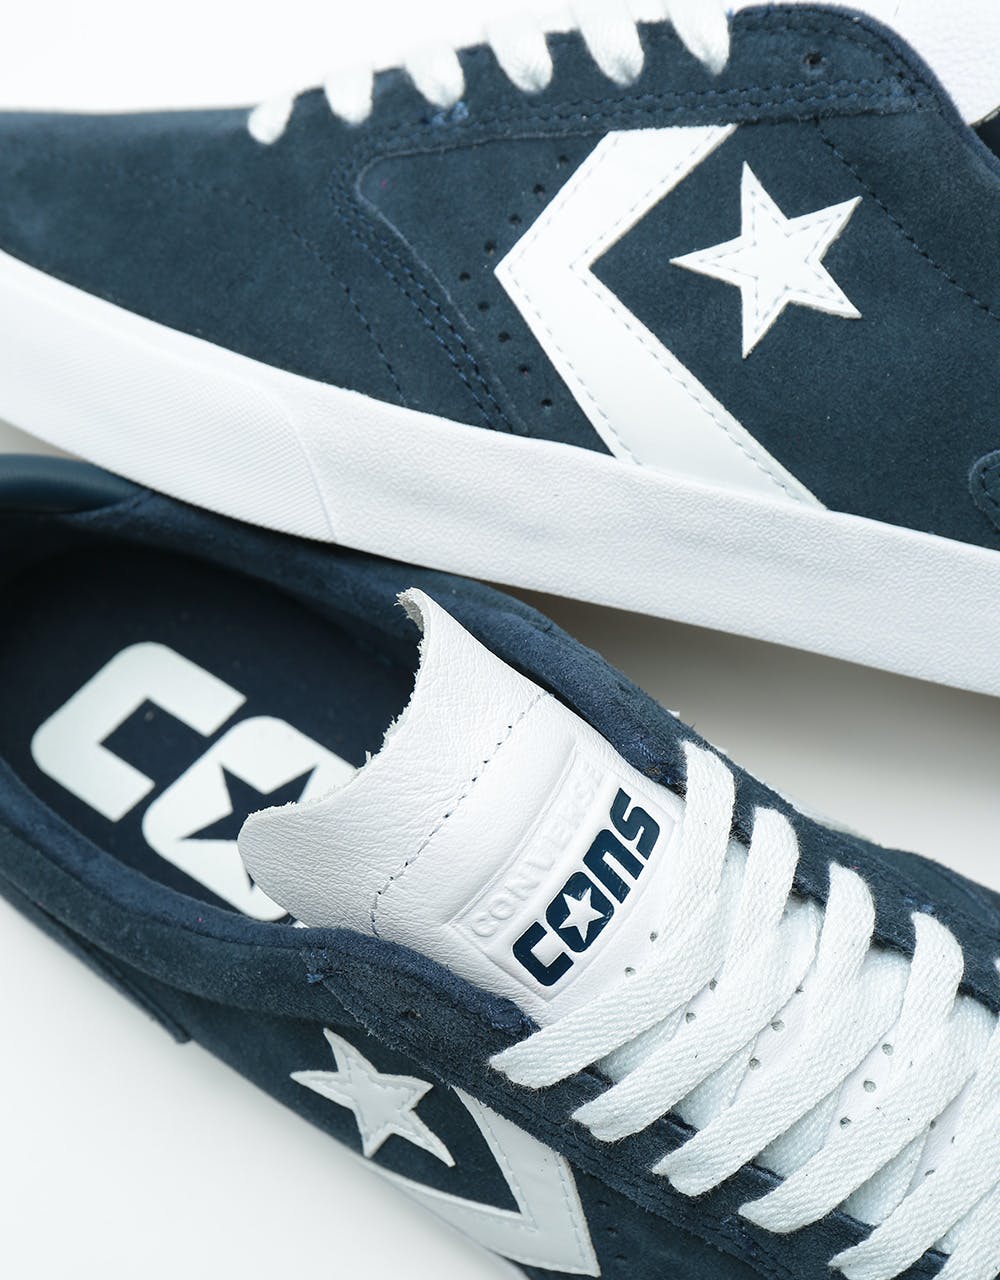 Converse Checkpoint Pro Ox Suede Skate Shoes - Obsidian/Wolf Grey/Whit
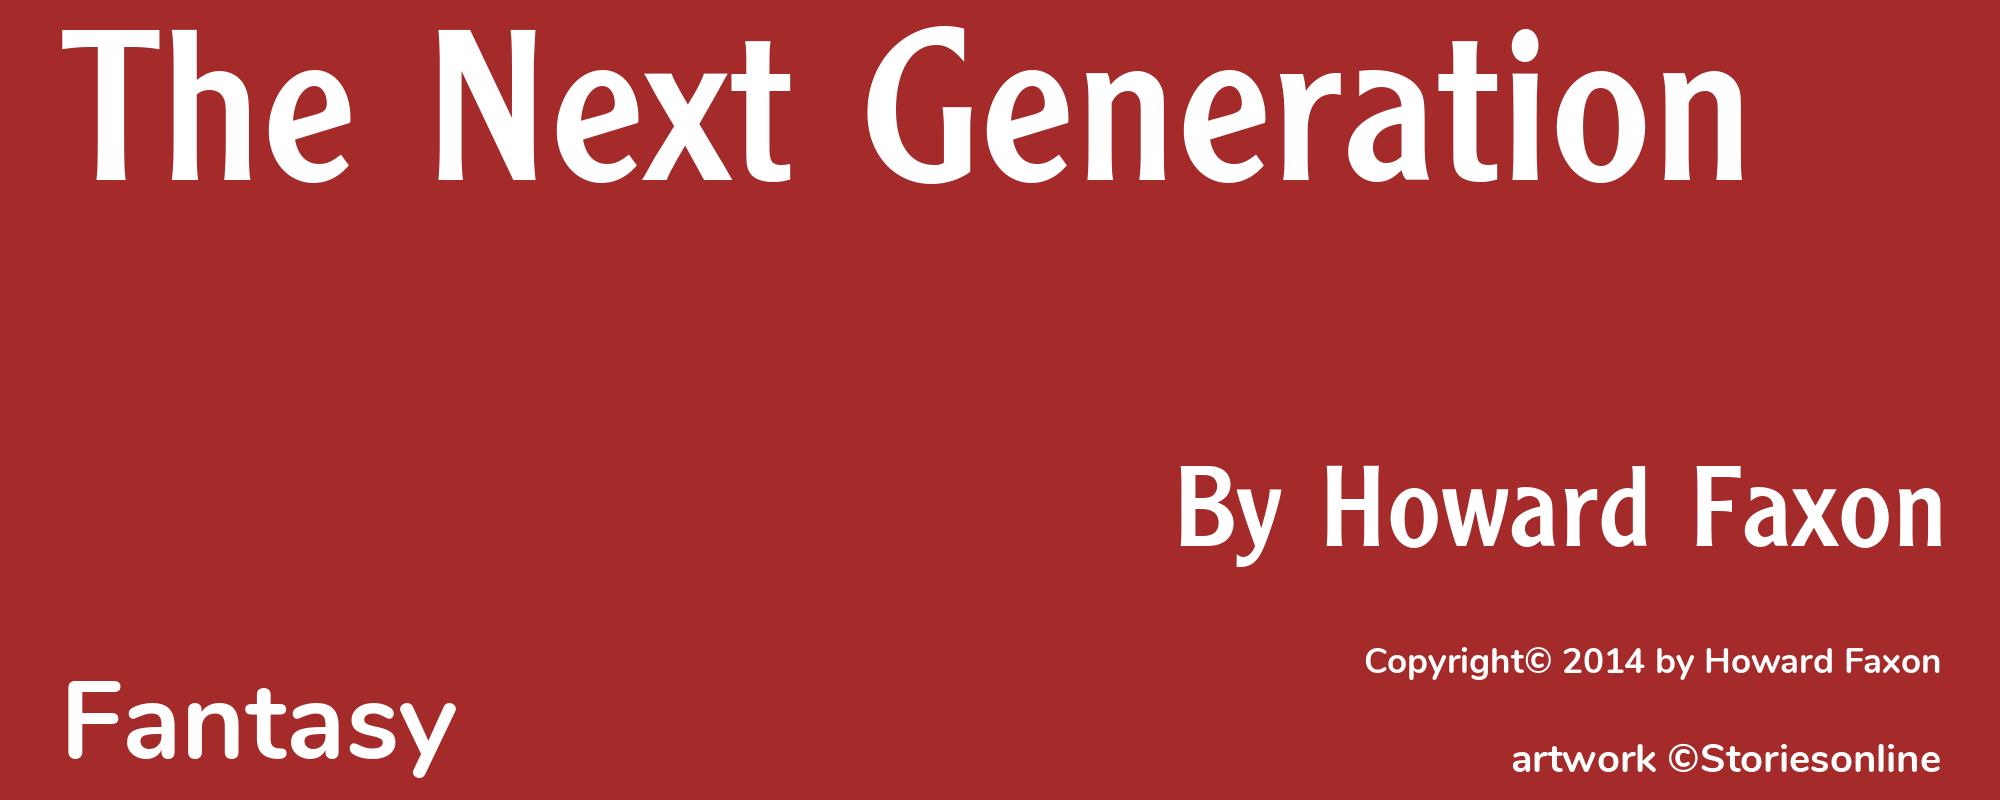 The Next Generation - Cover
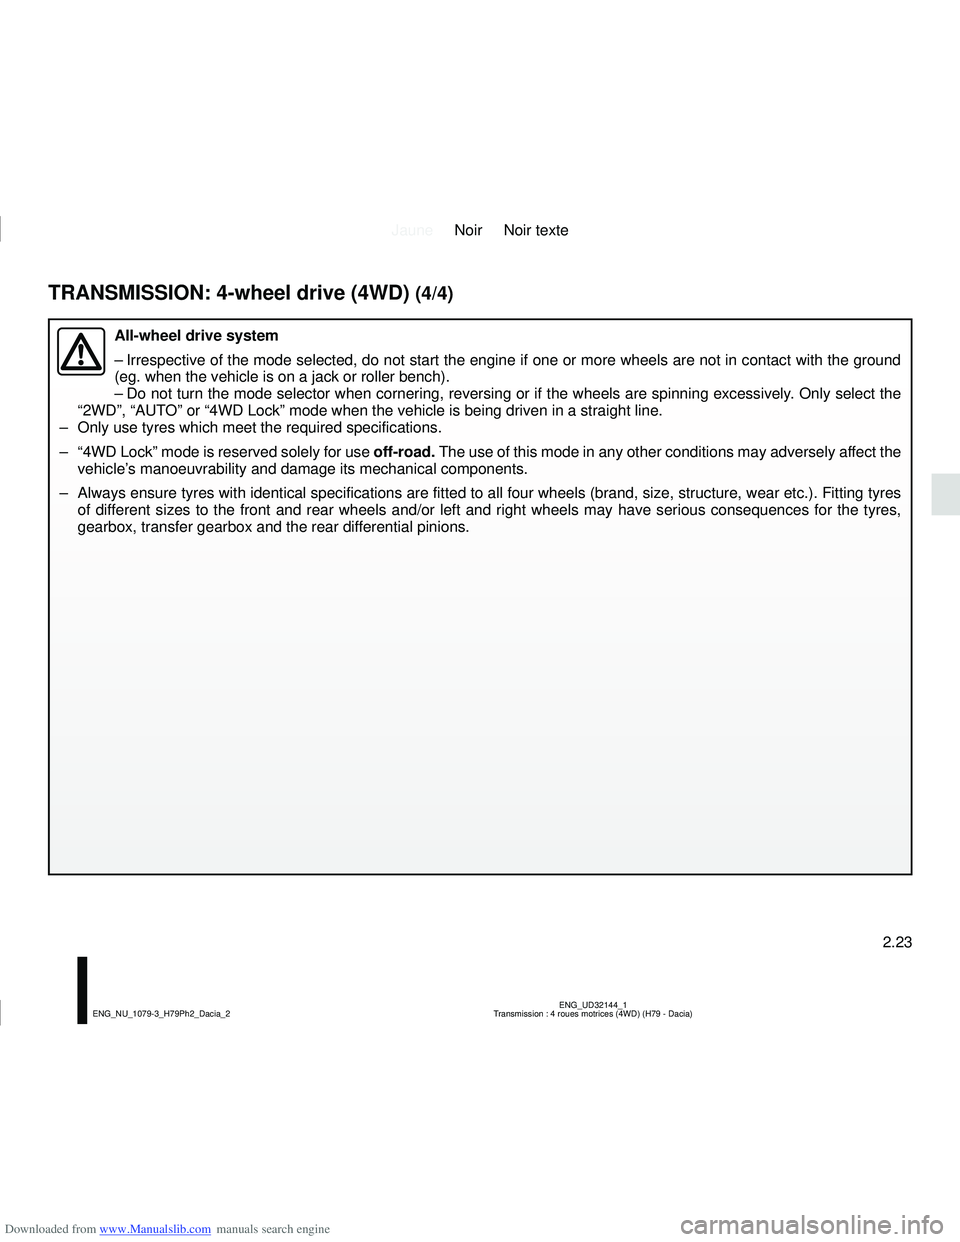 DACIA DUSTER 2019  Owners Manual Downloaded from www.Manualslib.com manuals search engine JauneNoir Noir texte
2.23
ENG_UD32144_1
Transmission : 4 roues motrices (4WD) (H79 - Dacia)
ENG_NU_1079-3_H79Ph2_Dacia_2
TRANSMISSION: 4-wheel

■ **WHAT THIS TASK INVOLVES**: A word-for-word copy of the lines from the start of the listing through the line containing "Transmission : 4" is the answer. Pictures stay out of it.

■ **OUTPUT OF THE EXERCISE**:
 Converse Checkpoint Pro Ox Suede Skate Shoes - Obsidian/Wolf Grey/Whit
 The Next Generation - Cover
 DACIA DUSTER 2019  Owners Manual Downloaded from www.Manualslib.com manuals search engine JauneNoir Noir texte
2.23
ENG_UD32144_1
Transmission : 4 roues motrices (4WD) (H79 - Dacia)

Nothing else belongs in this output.